- [ABOUT THIS EXERCISE]: Begin at the line below that has "CHOCOLAT CÔTE D'OR". Stop after the line that has "Футболка группы Old", repeating each line exactly and leaving out the pictures.

- [GIVEN RECORDS]:
***
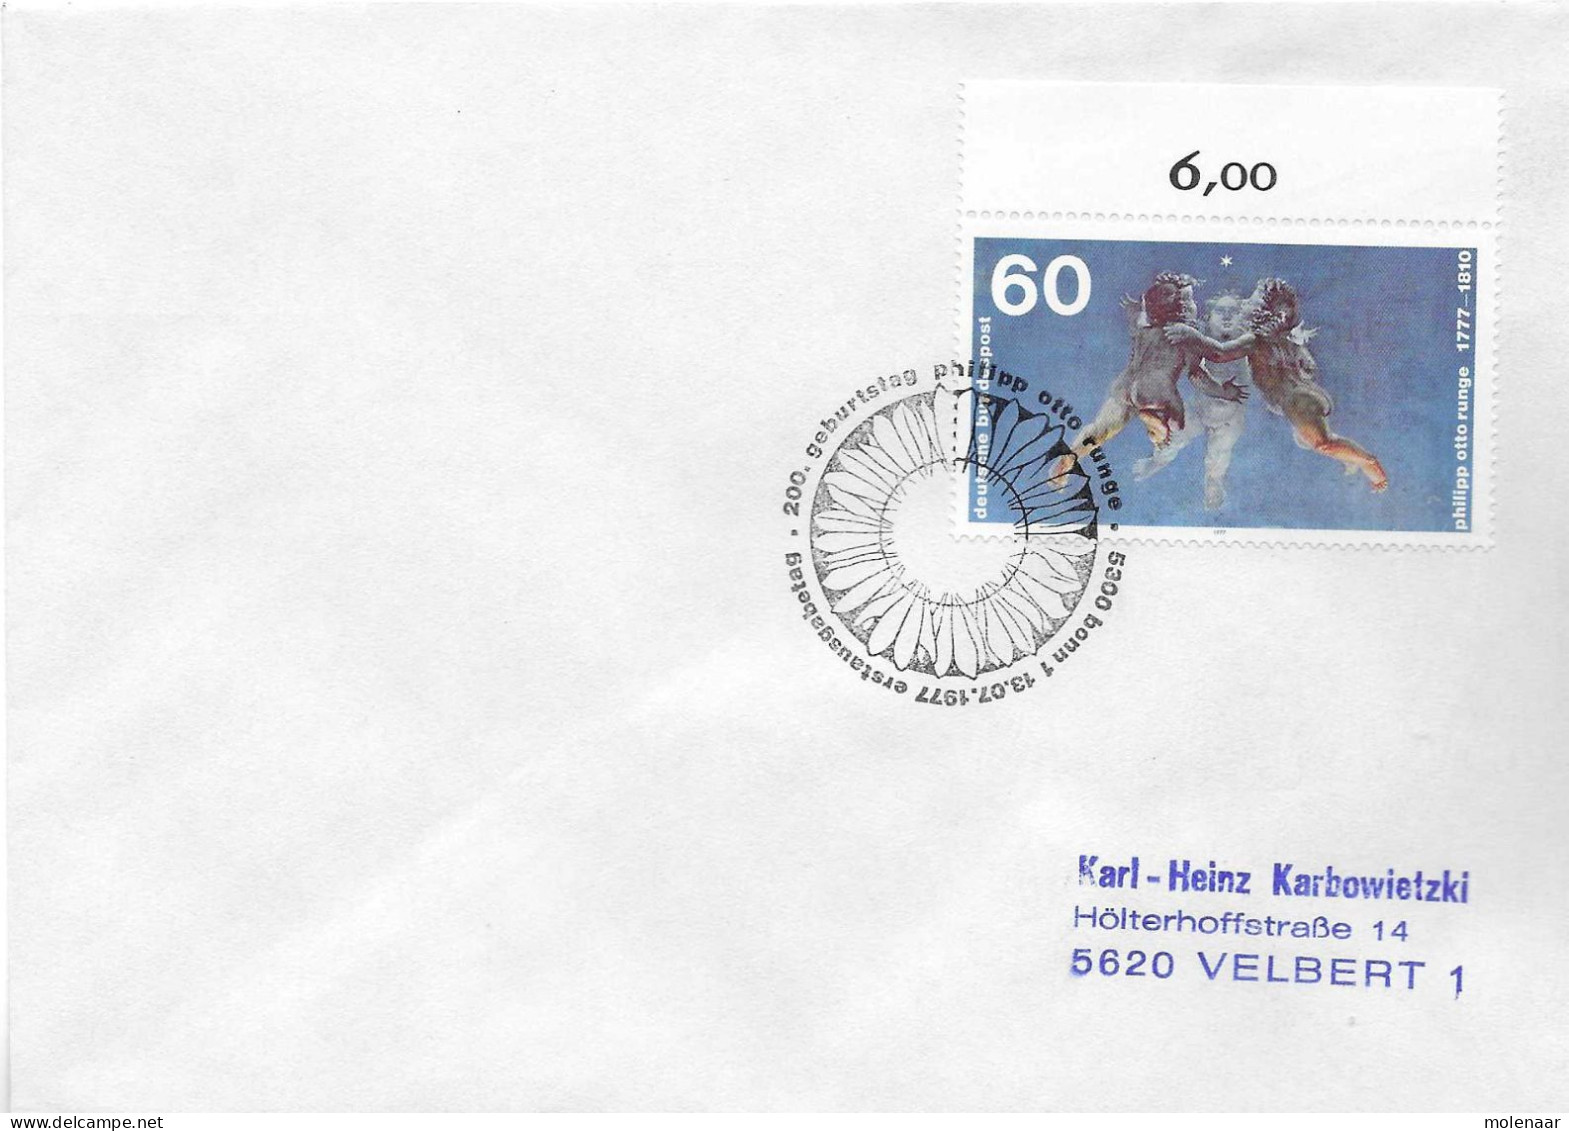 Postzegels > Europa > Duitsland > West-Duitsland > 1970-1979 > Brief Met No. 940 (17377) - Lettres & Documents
***
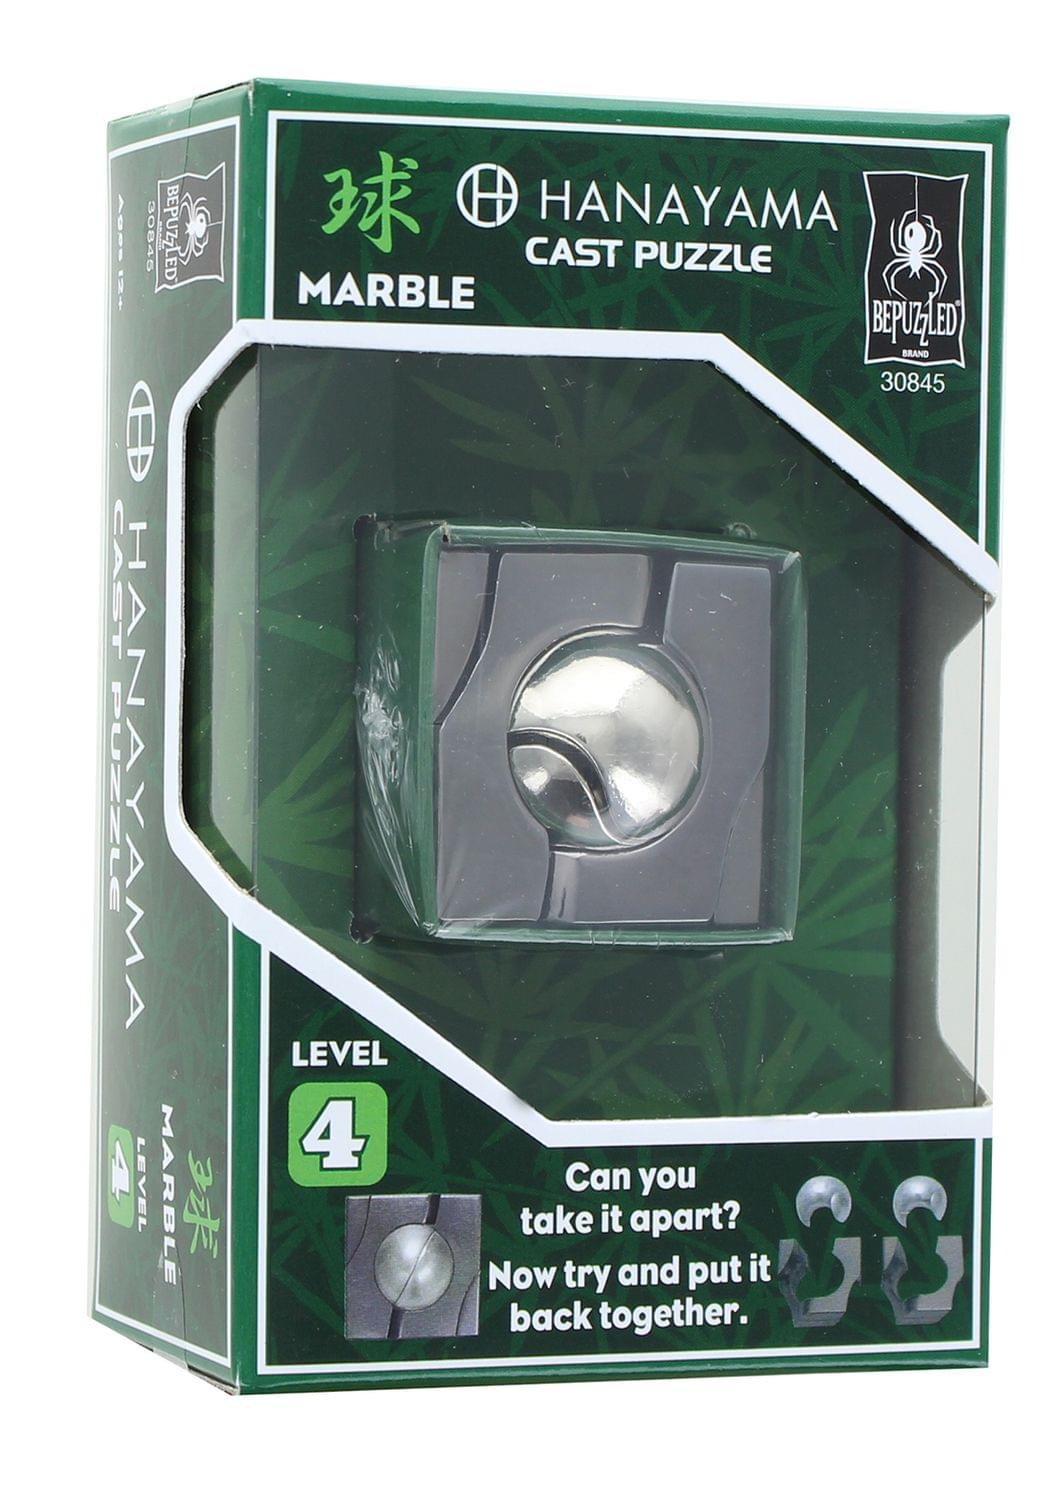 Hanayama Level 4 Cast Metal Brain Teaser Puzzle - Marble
***
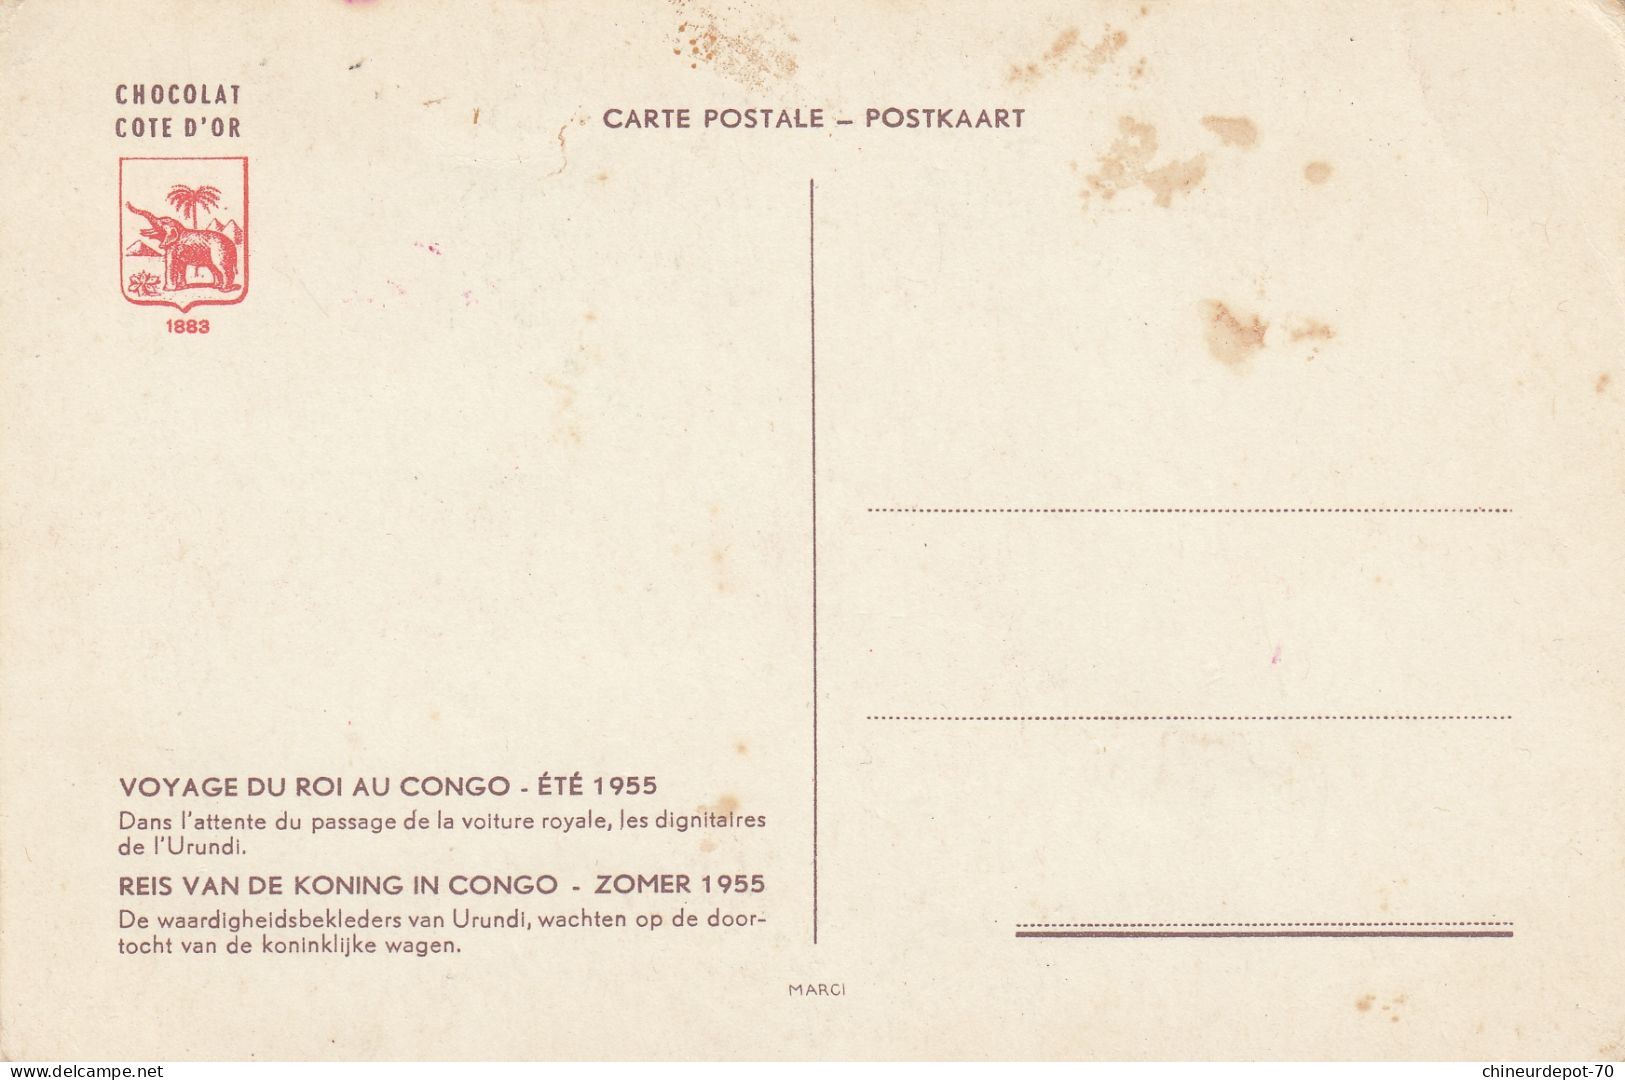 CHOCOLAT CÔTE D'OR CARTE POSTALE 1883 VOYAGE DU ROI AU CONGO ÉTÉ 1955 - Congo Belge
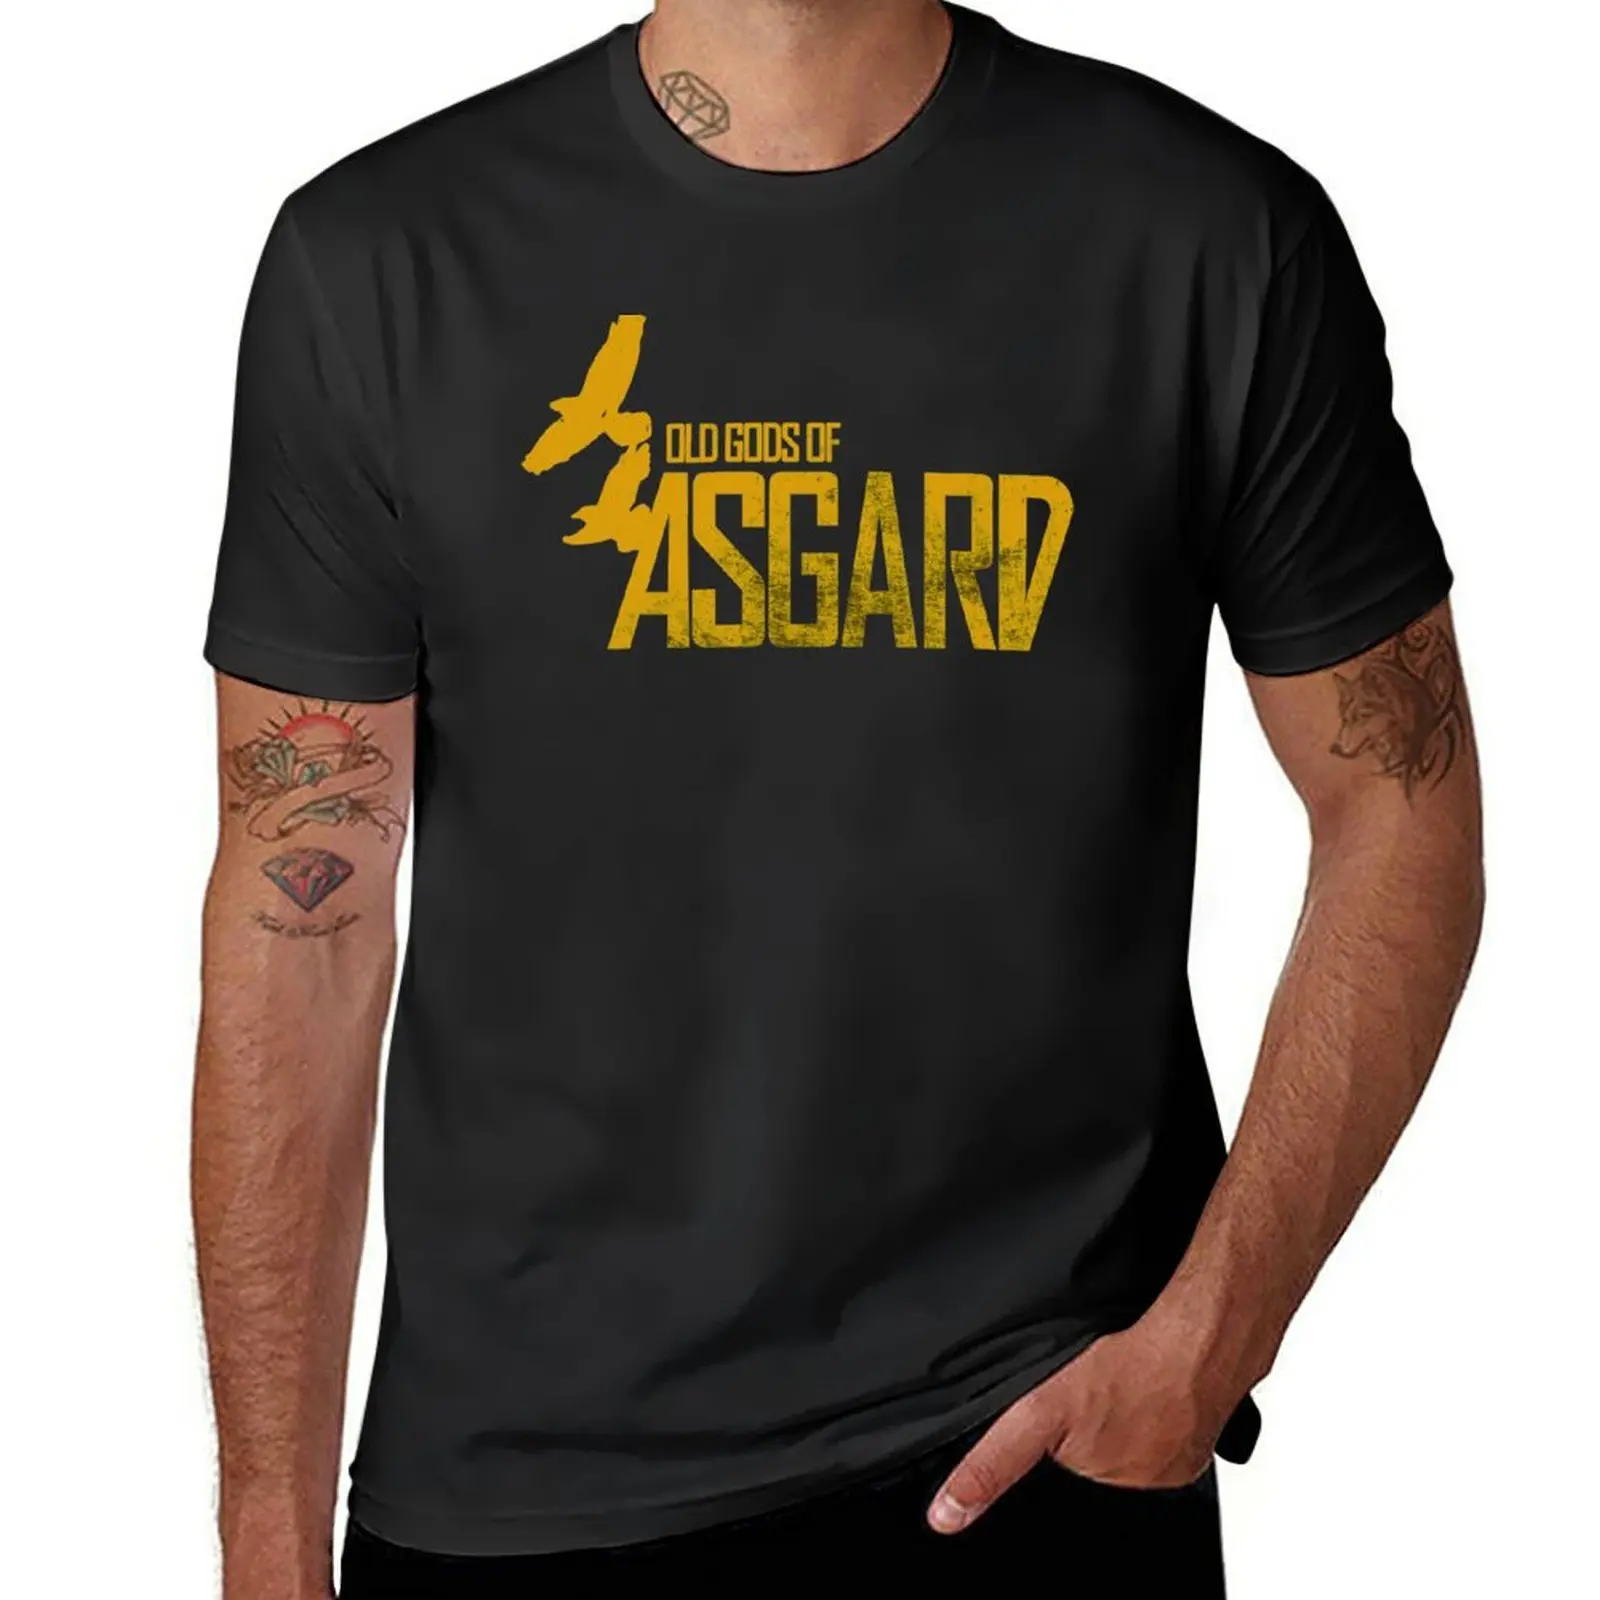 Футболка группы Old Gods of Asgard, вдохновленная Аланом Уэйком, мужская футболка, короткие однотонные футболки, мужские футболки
***
- [FINISHED EXERCISE]:
 CHOCOLAT CÔTE D'OR CARTE POSTALE 1883 VOYAGE DU ROI AU CONGO ÉTÉ 1955 - Congo Belge
 Футболка группы Old Gods of Asgard, вдохновленная Аланом Уэйком, мужская футболка, короткие однотонные футболки, мужские футболки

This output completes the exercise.